Leeds Festival 2006 – Thursday
Ah, the Leeds Festival, a chance to see bands, stand in a field and indulge in the ritual group shouting of "BOLLOCKS!" Truly I have no greater purpose on this earth. Here follows a true and only mildly hyperbolic account of how I came to have sore calf muscles, a bad cold and a head full of the music. Yes.
Thursday 24th August 2006
The plan was quite simple, get up and be ready to leave for 11.10am. We'd then arrive gracefully and set up our tents before drinking fine ales and recounting stories of a convivial variety. My brother, henceforth referred to as Kyle, as this is his name, thought that 9am would be a good time to get up.
9.15 I am aware of the time but am undecided as to whether I want to get up. I don't.
9.30 Just five more minutes.
9.45 And by five I mean fifteen. But I'm up. Just.
10.15 Time to try on my festival shoes, my Doc Martens boots which I don't seem to wear that much for some reason.
10.15.30 Owwwwwwwwwwwwwwww, the PAIN! Ok, that's why I don't wear them! They hurt.
11.30 Richard, our driver, has arrived and we set off. Hurrah! Now we can sally forth into adventure.
12.45 We are making quite excellent progress.
13.05 Bollocks. Traffic jam of doom.
13.24 More doom.
13.42 Doomy doomy doom doom. Have we even moved since 13.05?
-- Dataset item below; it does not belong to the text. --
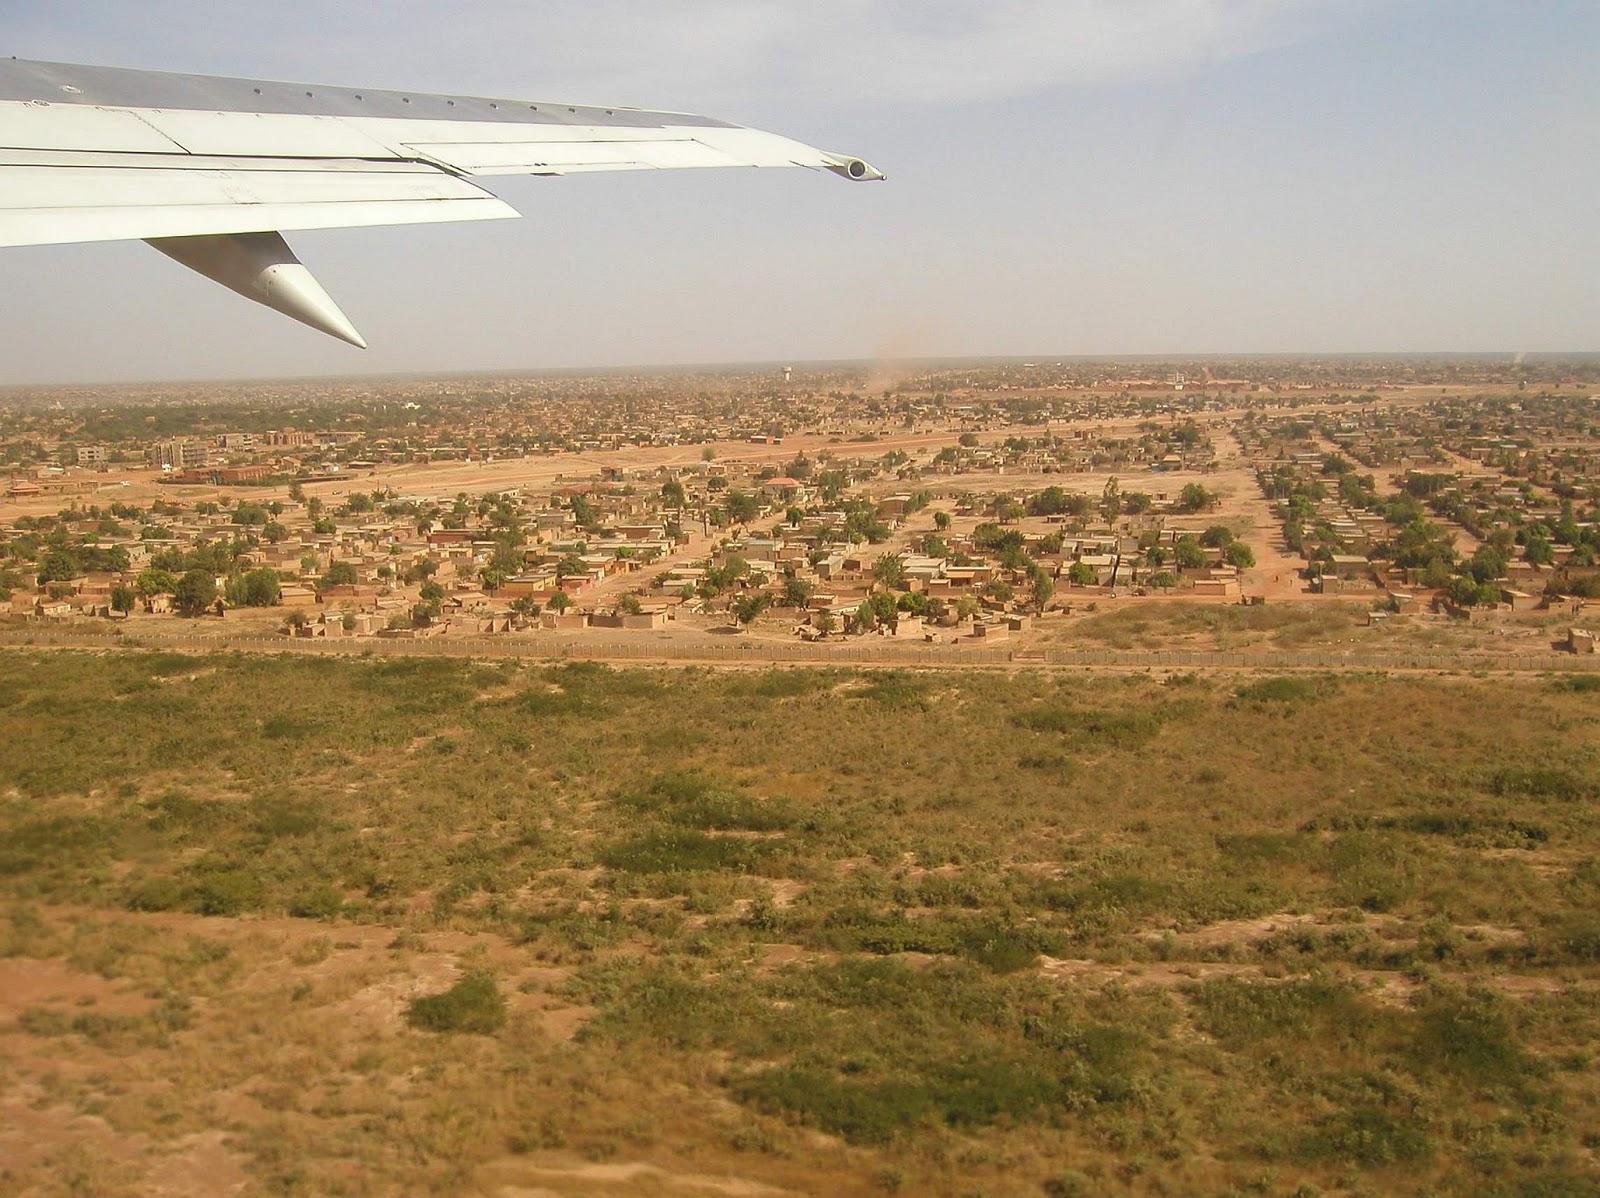 http://3.bp.blogspot.com/_e45GK4i1E8M/TQ9bfXs0FtI/AAAAAAAABmw/pU3tz0dX_TU/s1600/Burkina_Faso-Ouagadougou-PBtforcdivad.jpg

14.36 We throw good manners to the wind and cheat by driving in the wrong lane and going round roundabouts several times to get ahead of the queues. It's unethical but when you've been in the car this long ethics are void.
15.15 We're here! We set off to find the tents that the people who arrived earlier set up.
15.15.10 Where are the others?
15.20 Not here.
15.22 Still not here. This is a big arsed campsite, as this photo that someone else took shows:
I wish I hadn't left my camera in Somerset.
15.41 Seriously, where are they?
16.10 Oh, here they are. Right in the middle of the most crowded campsite. At least you can't smell the toilets from here. Anyway, time to erect tent.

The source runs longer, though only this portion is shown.